Illustrative Scenarios
- Murder (Section 302): A deep abdominal stab causes internal organ damage; after a week the victim dies of peritonitis. Even though peritonitis is the “immediate” cause, the original wound is the proximate cause—murder under Clause Thirdly.
- Murder (Section 302) despite delayed death: A spinal injury causes paraplegia; months later, the victim dies from septic shock due to infected bedsores and pneumonia. The complications are the natural sequelae—chain intact—Section 302 still applies.
- Not murder (causation breaks): A minor, non‑dangerous injury heals. Much later, an entirely independent, unexpected condition causes death unrelated to the original assault. Here, the causal chain is broken; murder liability may not attach.
- Attempt to murder (Section 307): The accused fires at the chest but misses. No injury occurs, yet the act—accompanied by an intention/knowledge as per Section 300 and inherently capable of causing death—makes out Section 307.
Key Principles Articulated by the Supreme Court
The Court distilled nine guiding principles (paraphrased for clarity) that courts must apply when death is delayed due to complications:
- If the injury was fatal and intended to cause death, subsequent septicemia or complications do not change the offence—still murder (Section 300 “Firstly”).
- If the intended injuries were sufficient in the ordinary course to cause death, delayed death due to complications remains murder (Section 300 “Thirdly”).
- If injuries were imminently dangerous and other elements are satisfied, delayed death does not prevent the offence from being murder (Section 300 “Fourthly”).
- Whether good medical treatment might have prevented death is irrelevant to classifying the offence.
- If supervening causes are attributable to the injuries, the assailant remains liable for causing death even if death was not the immediate result of the injuries.
- Courts must distinguish between (a) remote, improbable complications (suggesting the injury may not be sufficient in the ordinary course), and (b) complications that are practically inevitable sequences of the injury (strongly supporting murder under Section 302).
- Even if no single injury is independently sufficient to cause death, their cumulative effect may be sufficient in the ordinary course—courts can infer murderous intent from the totality.
- The presence of an intervening cause is not determinative; the question is whether death was only a remote possibility or a reasonably contemplated result in due course of nature.
- Where death is delayed, courts should evaluate the nature of injury and whether complications are natural/probable.

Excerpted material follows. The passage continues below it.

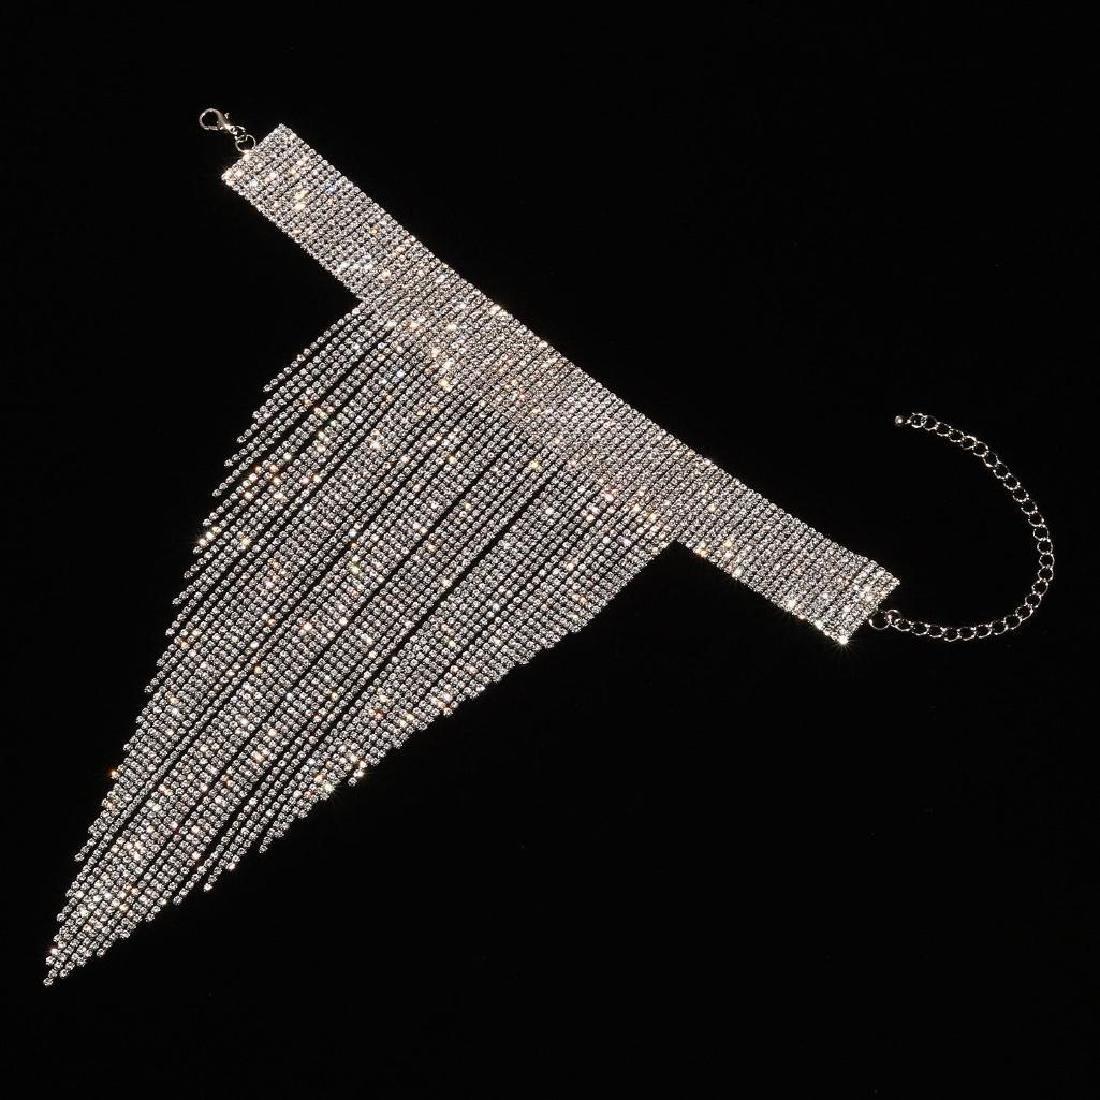 Holylove Charm Rhinestone Tassels Choker Collar Pendant - 2

If the chain is intact, liability for murder stands; if broken by unexpected new mischief, the causal link fails.
Conclusion
Maniklal Sahu v. State of Chhattisgarh (2025 INSC 1107) is a clarifying precedent on causation and mens rea that will heavily influence homicide jurisprudence in India. The Supreme Court’s decision:
- Reaffirms that delayed death due to septicemia, pneumonia, and similar complications commonly associated with severe injuries does not diminish liability from murder (Section 302) to attempt (Section 307) when the chain of causation is intact.

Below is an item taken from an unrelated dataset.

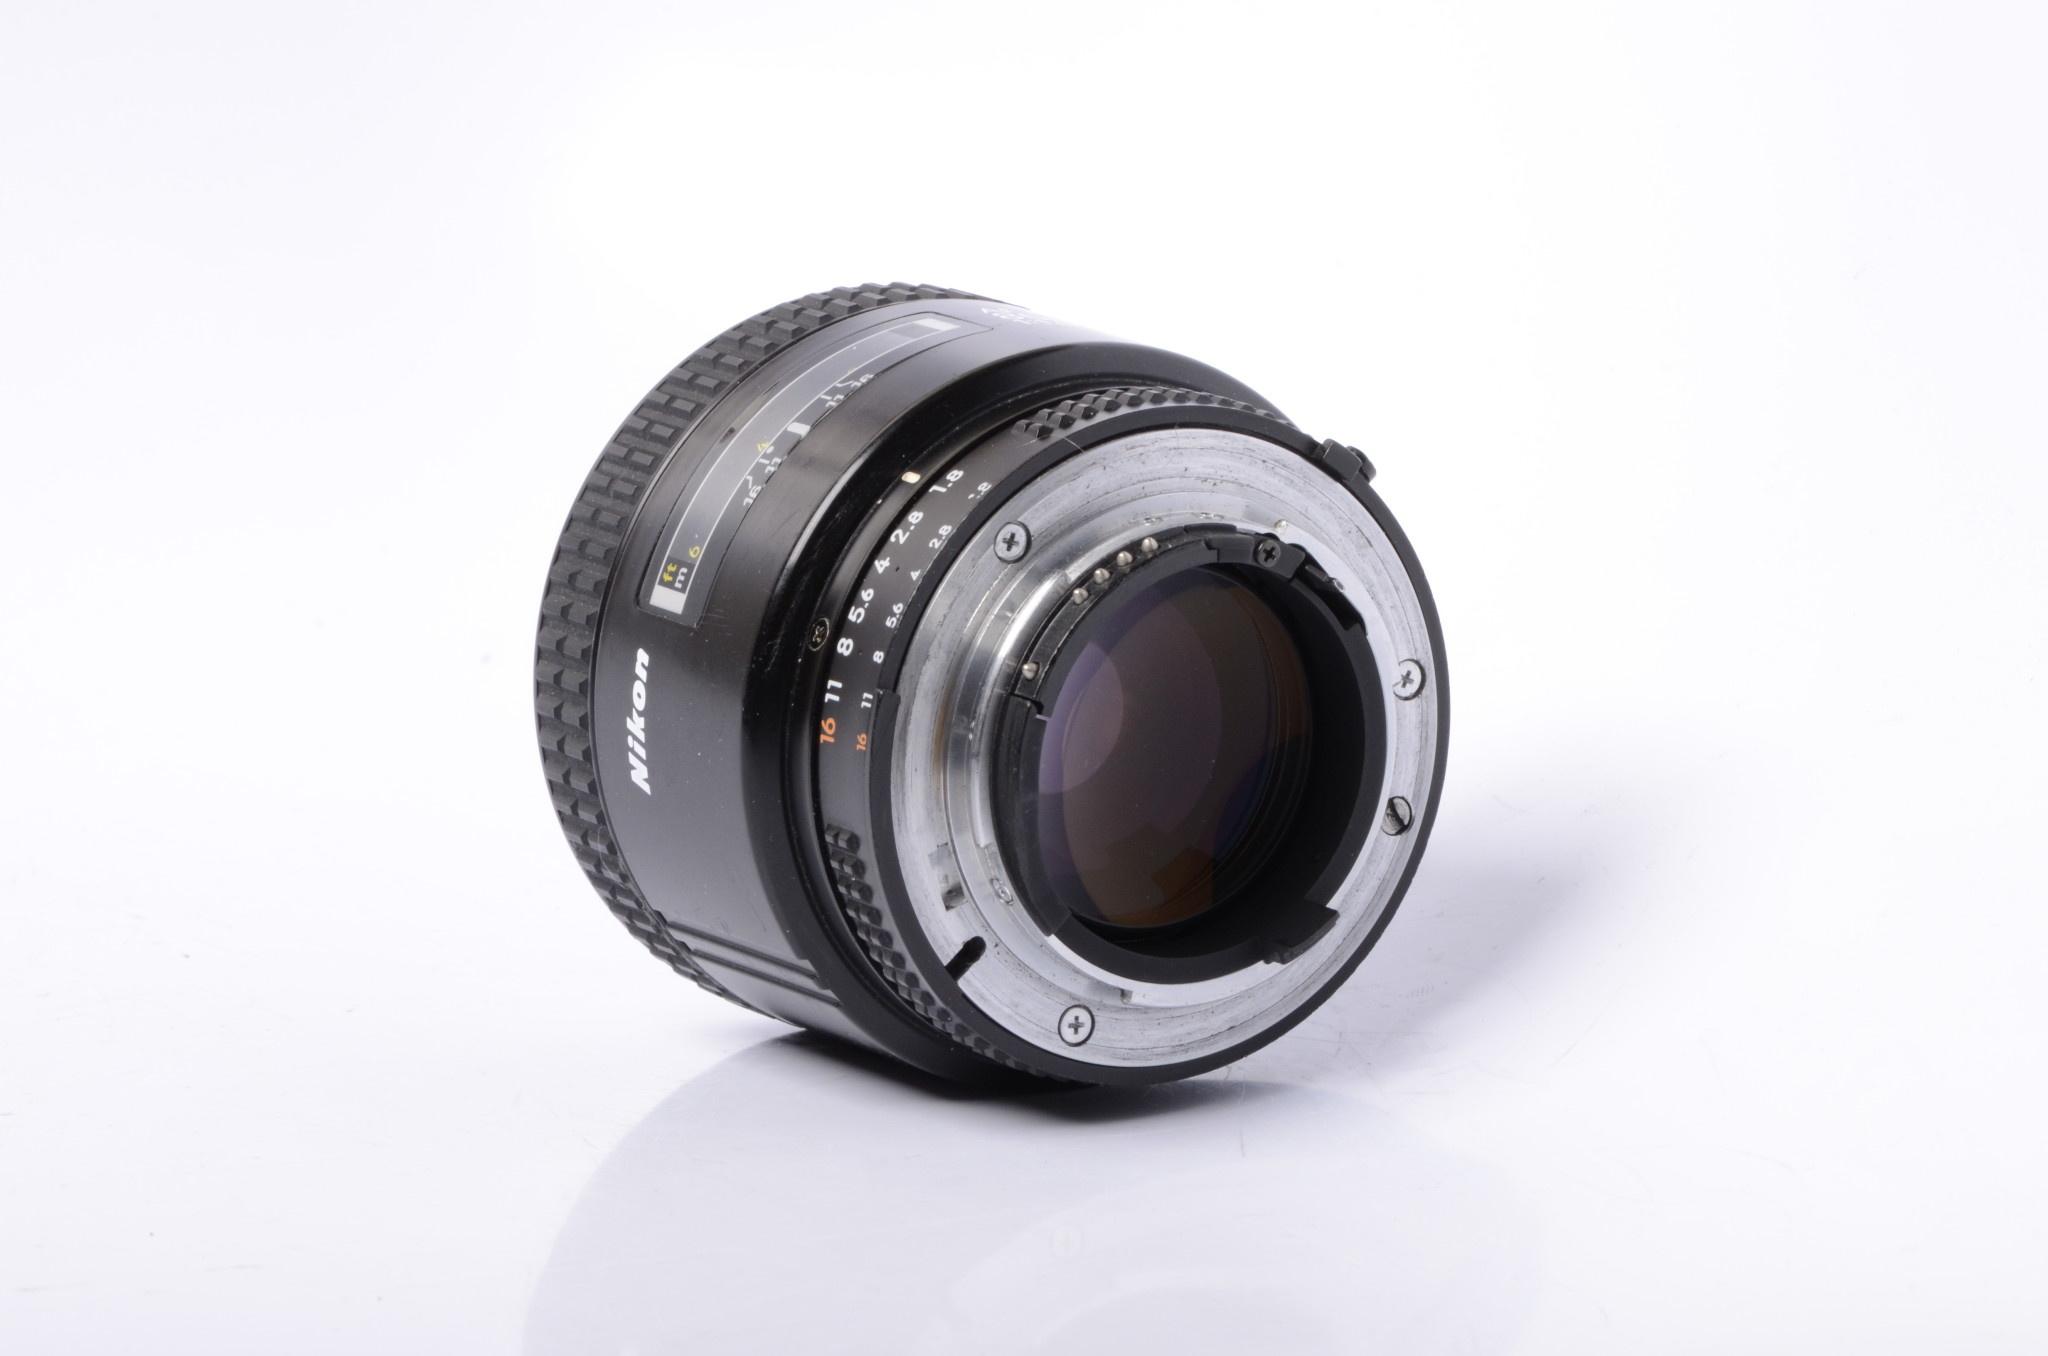 Nikon Nikon 85mm f/1.8 AF SN: 225197

- Reasserts the force of Explanation 2 to Section 299 IPC—treatment adequacy is legally irrelevant to liability once death is caused by injury.

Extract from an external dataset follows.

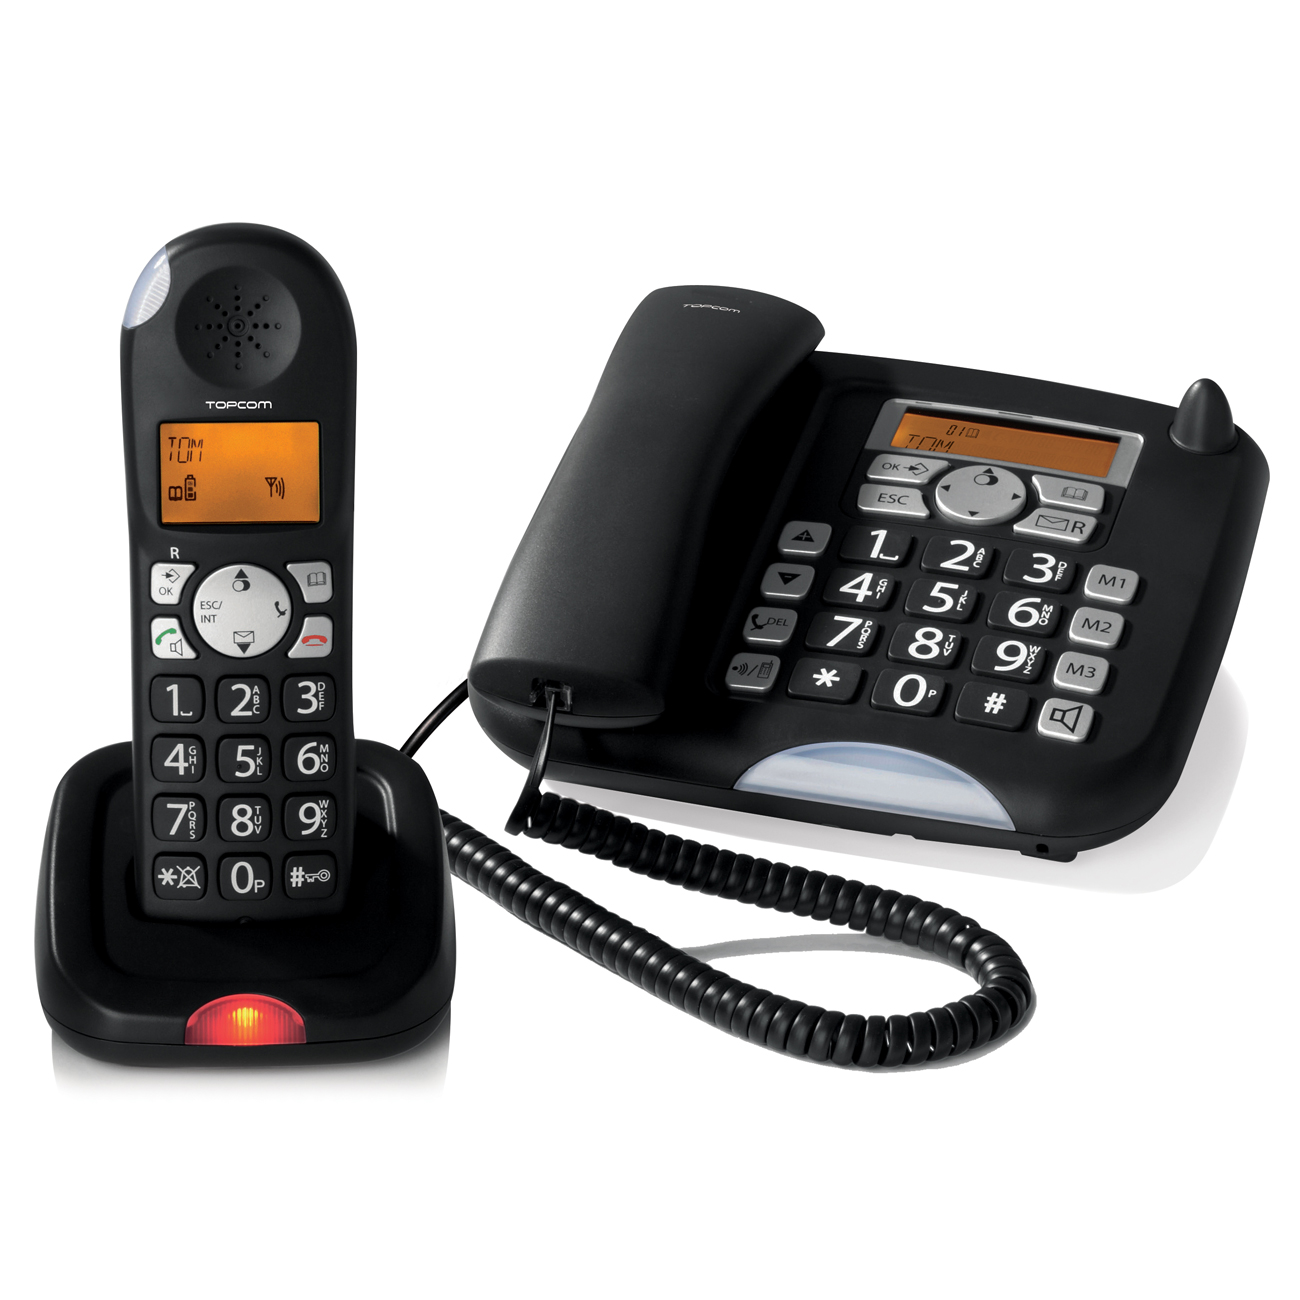 Téléphone filaire Topcom Butler 901 Combo Téléphone filaire + téléphone sans fil DECT

- Recalibrates analysis under Section 307 IPC by insisting on mens rea of the Section 300 kind and that the act be inherently capable of causing death, even if no injury or fatal result actually ensues.
- Equips courts with a nine‑principle framework that focuses on proximate cause, foreseeability, and the ordinary course of nature, instead of lapse‑of‑time or hindsight assessments of medical care.
While the Court ultimately dismissed the convict’s appeal for want of a State challenge to restore Section 302, it unmistakably corrected the legal route for future cases. Henceforth, downgrading murder to attempt solely because death follows a prolonged clinical course will be an error. The jurisprudence prioritizes causation, intention, and the inherent lethality of the inflicted injury—ensuring doctrinal coherence and fairness in homicide adjudication.